Given material
────────
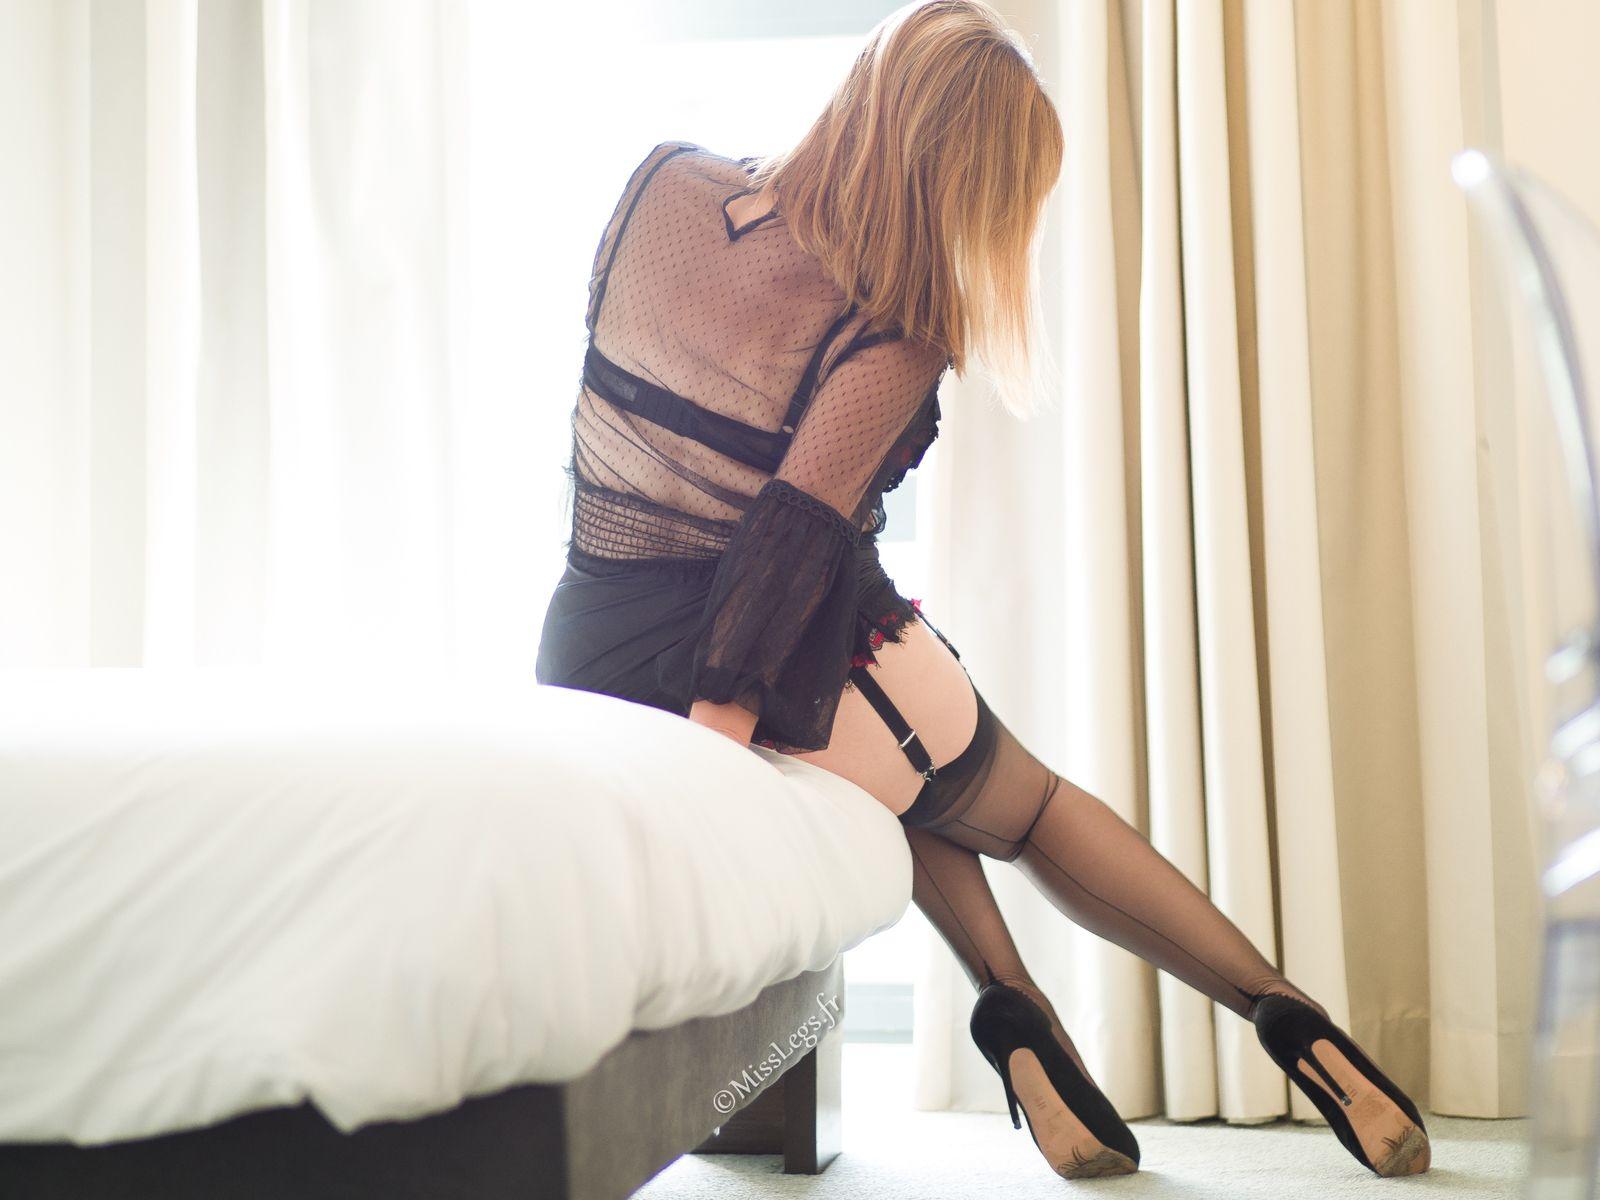 http://www.misslegs.fr/ - https://www.instagram.com/misslegs.fr/?hl=fr - https://ladamedefrance.com/
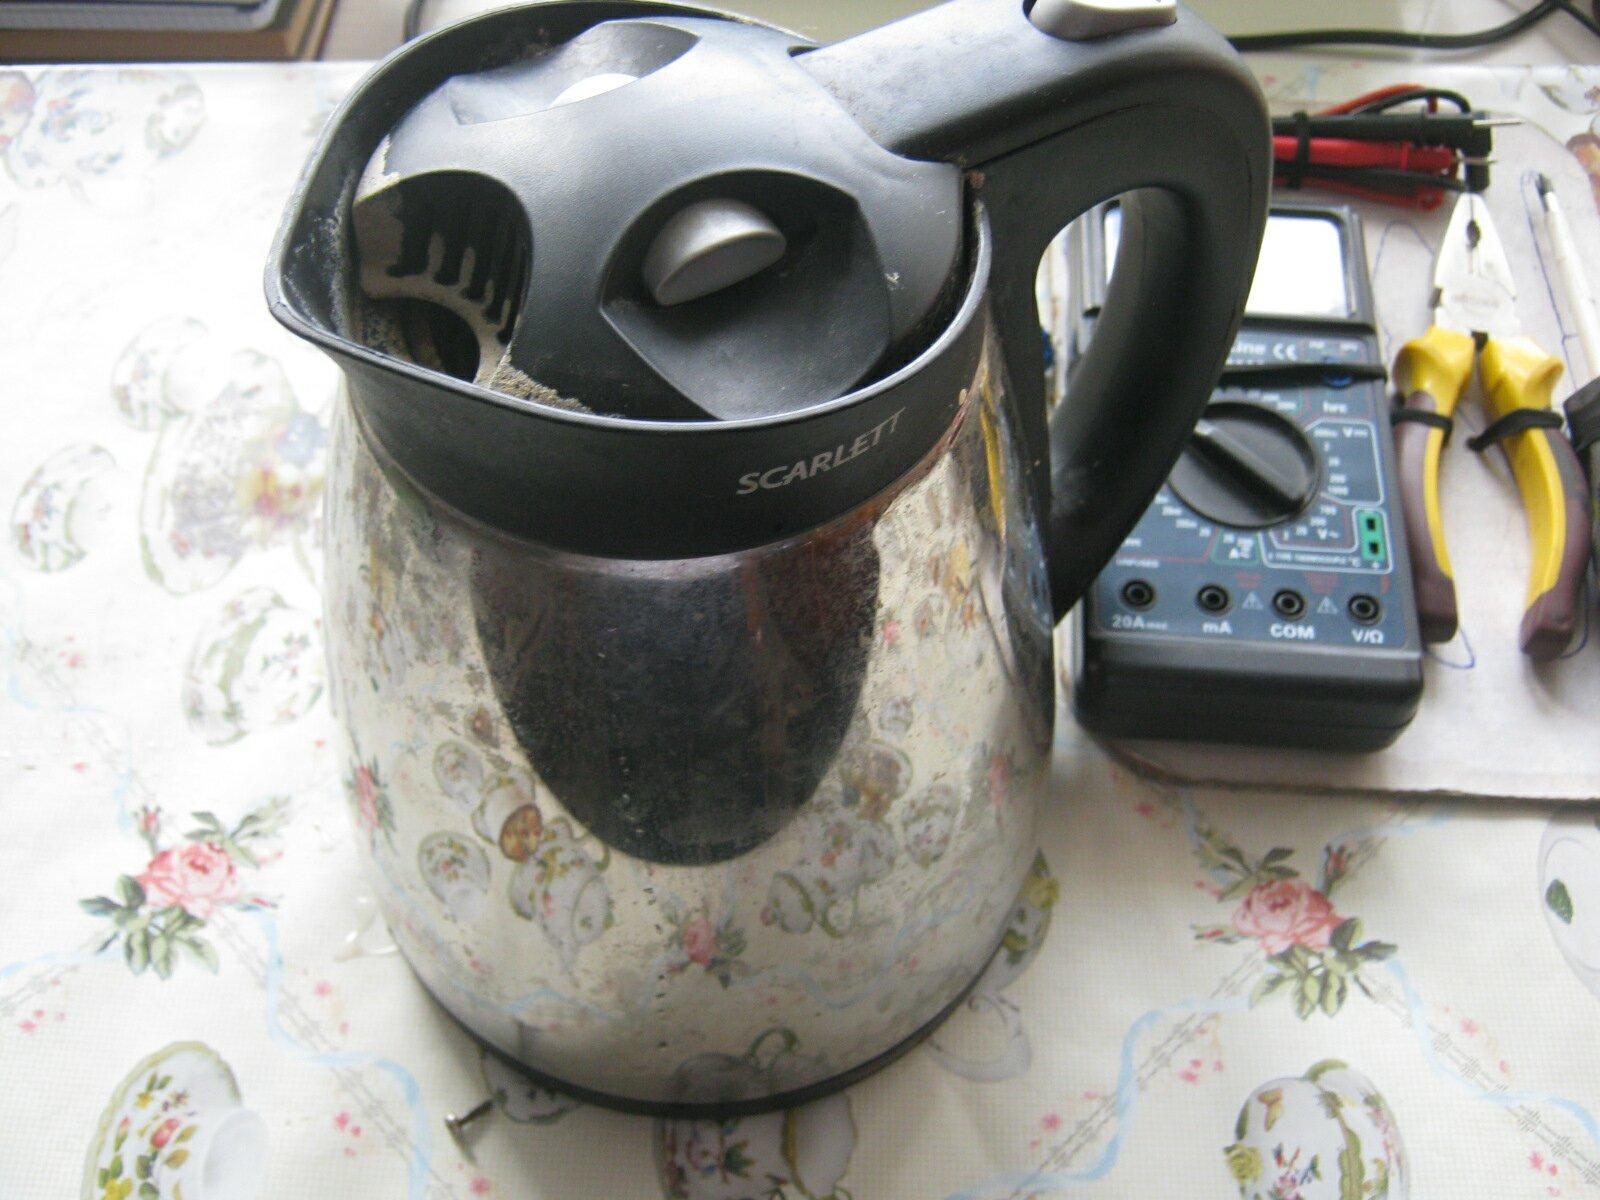 Ремонт чайника скарлет
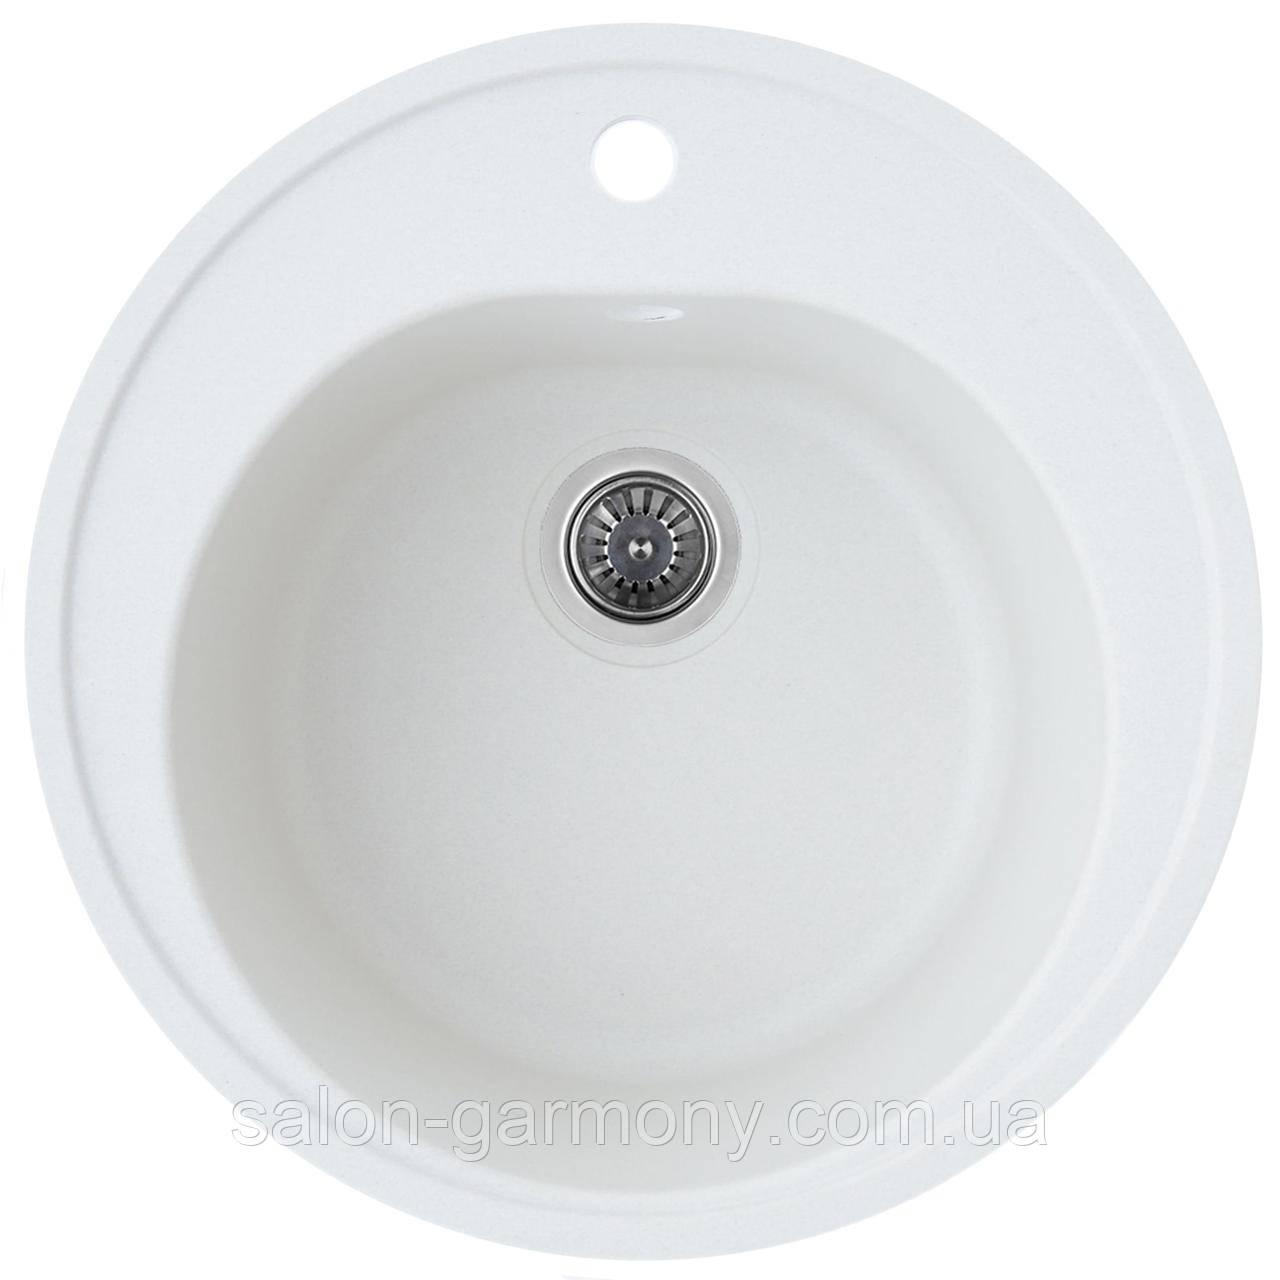 Гранітна мийка для кухні Platinum 510 LUNA матова Білосніжна
────────
What you are asked to do
Transcribe every line of the data exactly. No pictures go in the copy.

Solution
 http://www.misslegs.fr/ - https://www.instagram.com/misslegs.fr/?hl=fr - https://ladamedefrance.com/
 Ремонт чайника скарлет
 Гранітна мийка для кухні Platinum 510 LUNA матова Білосніжна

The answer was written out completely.